- Westport Township, Minnesota Location within the state of Minnesota Westport Township, Minnesota Westport Township, Minnesota (the United States)
- Coordinates: 45°43′28″N 95°12′6″W﻿ / ﻿45.72444°N 95.20167°W
- Country: United States
- State: Minnesota
- County: Pope

Area
- • Total: 35.4 sq mi (91.8 km^{2})
- • Land: 34.6 sq mi (89.5 km^{2})
- • Water: 0.89 sq mi (2.3 km^{2})
- Elevation: 1,342 ft (409 m)

Population (2000)
- • Total: 279
- • Density: 8.0/sq mi (3.1/km^{2})
- Time zone: UTC-6 (Central (CST))
- • Summer (DST): UTC-5 (CDT)
- FIPS code: 27-69646
- GNIS feature ID: 0665970

= Westport Township, Pope County, Minnesota =

Westport Township is a township in Pope County, Minnesota, United States. The population was 237 at the 2020 census. It contains the village of Westport, Minnesota.

== History ==
The township was surveyed in 1858. The first public building was a tavern on Westport Lake operated by the Drake Family.

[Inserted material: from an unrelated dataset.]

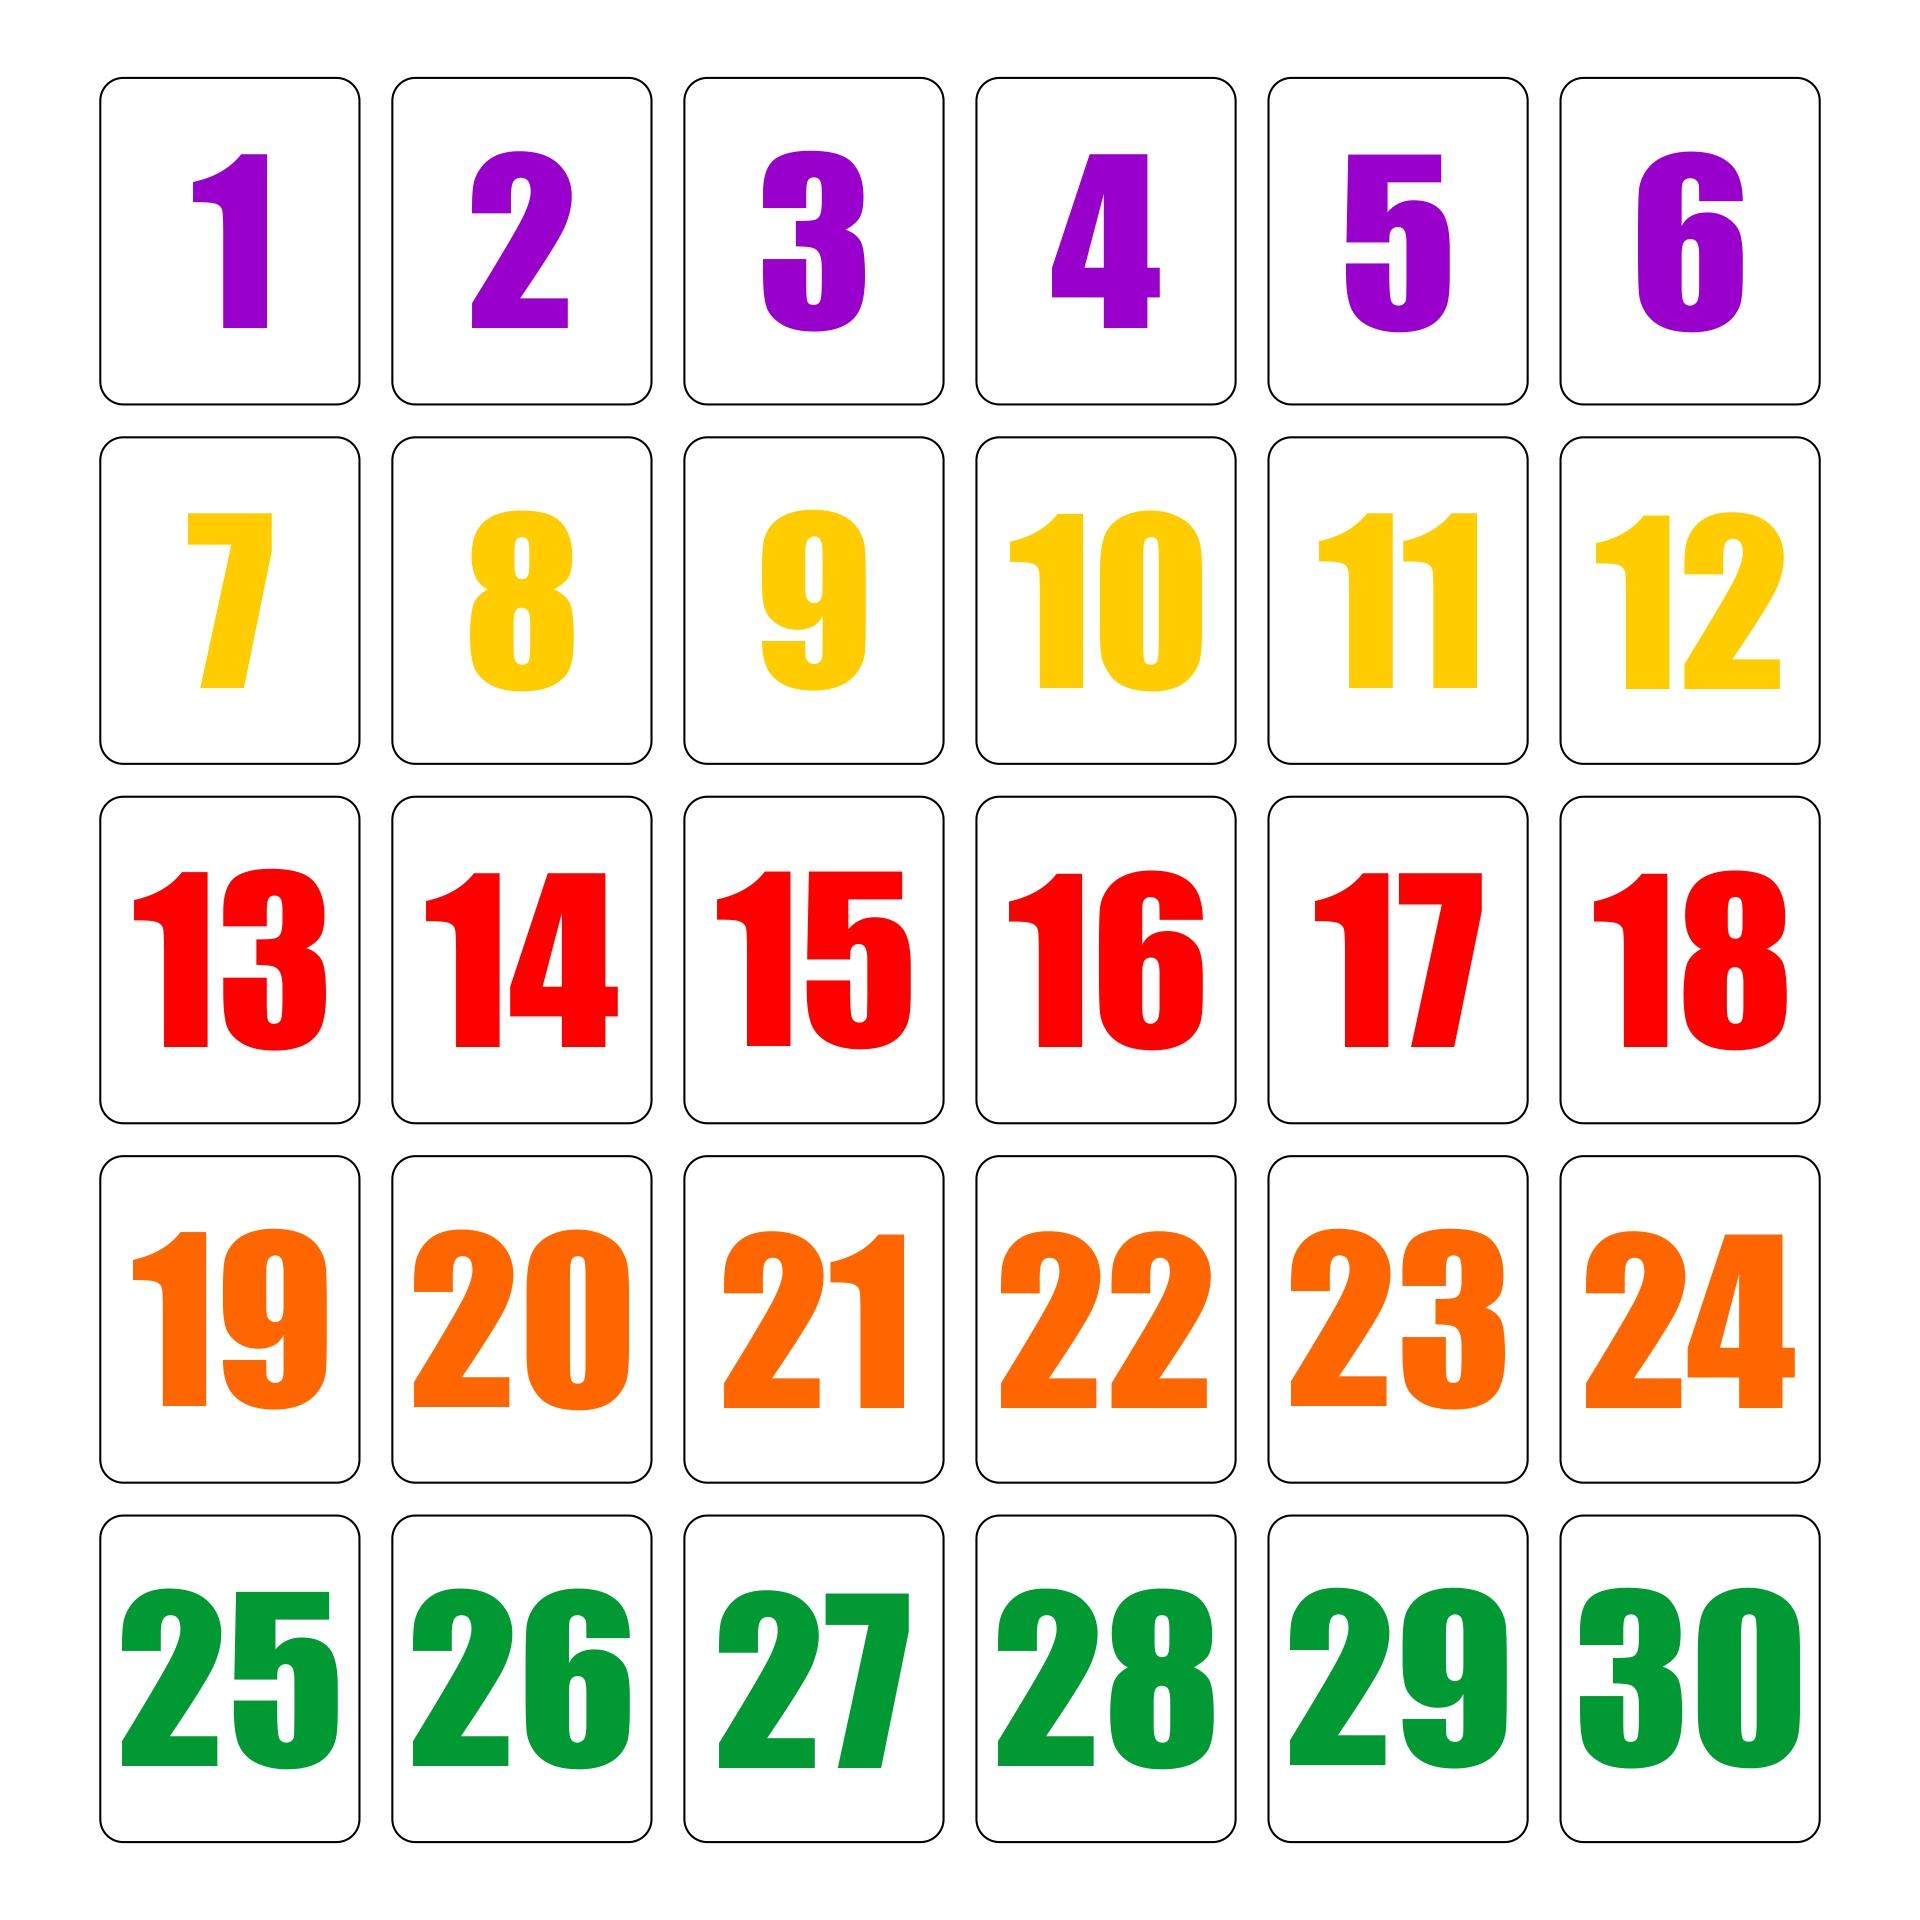 Worksheet Numbers Printable printable numbers 1 30 scalien

The Little Falls and Dakota Railroad (later part of the Northern Pacific Railway) established a depot in 1882.

==Geography==
According to the United States Census Bureau, the township has a total area of 35.4 square miles (91.8 km^{2}), of which 34.5 square miles (89.5 km^{2}) is land and 0.9 square mile (2.3 km^{2}) (2.48%) is water.

==Demographics==
As of the census of 2000, there were 279 people, 83 households, and 68 families residing in the township. The population density was 8.1 people per square mile (3.1/km^{2}). There were 90 housing units at an average density of 2.6/sq mi (1.0/km^{2}). The racial makeup of the township was 99.28% White, and 0.72% from two or more races. Hispanic or Latino of any race were 1.08% of the population.

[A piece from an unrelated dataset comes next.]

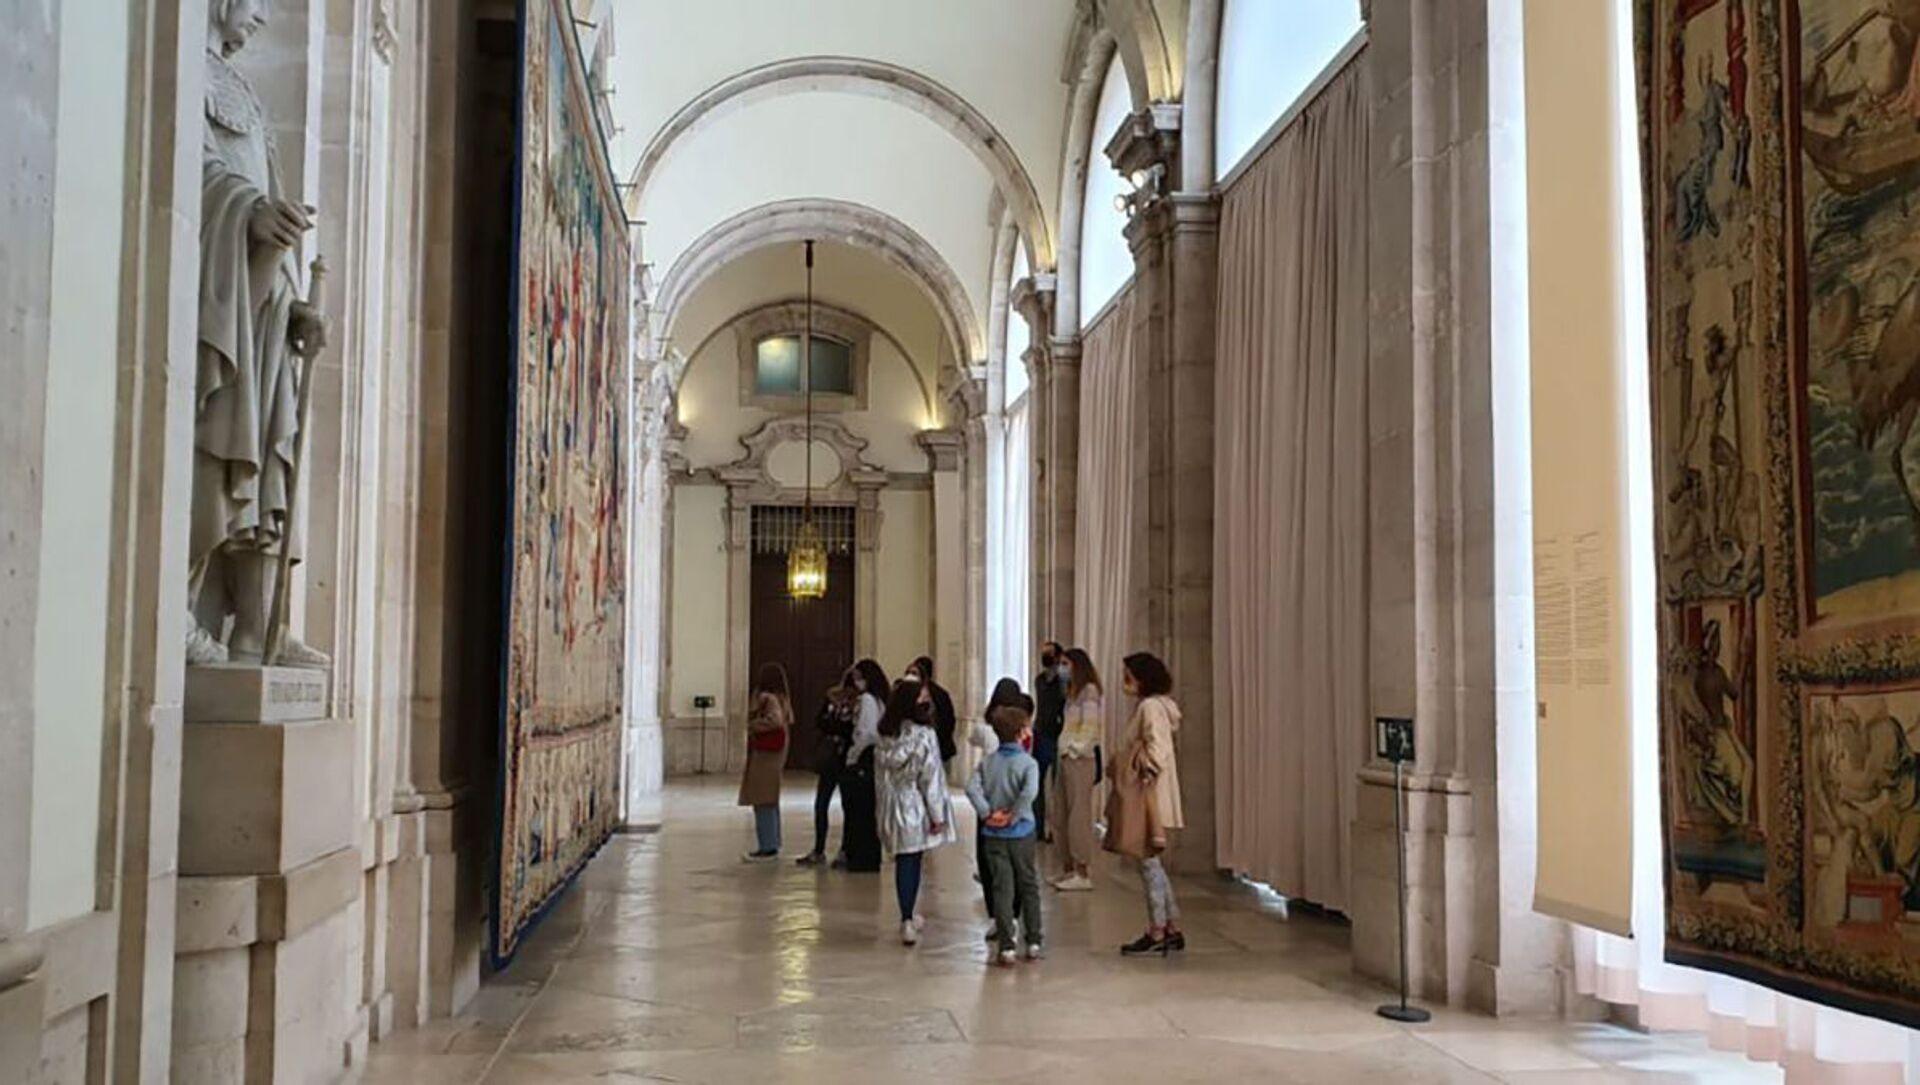 Słynne gobeliny Rafaela w dużej galerii Pałacu Królewskiego w Madrycie. - Sputnik Polska, 1920, 10.06.2021

There were 83 households, out of which 47.0% had children under the age of 18 living with them, 78.3% were married couples living together, 2.4% had a female householder with no husband present, and 16.9% were non-families. 13.3% of all households were made up of individuals, and 6.0% had someone living alone who was 65 years of age or older. The average household size was 3.36 and the average family size was 3.72.

In the township the population was spread out, with 35.8% under the age of 18, 9.3% from 18 to 24, 26.2% from 25 to 44, 21.1% from 45 to 64, and 7.5% who were 65 years of age or older. The median age was 31 years. For every 100 females, there were 111.4 males. For every 100 females age 18 and over, there were 113.1 males.

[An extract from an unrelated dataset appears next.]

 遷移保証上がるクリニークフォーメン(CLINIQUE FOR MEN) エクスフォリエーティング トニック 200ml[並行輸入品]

The median income for a household in the township was $42,188, and the median income for a family was $44,250. Males had a median income of $31,667 versus $17,750 for females. The per capita income for the township was $14,185. About 13.6% of families and 13.2% of the population were below the poverty line, including 12.6% of those under the age of eighteen and 23.1% of those 65 or over.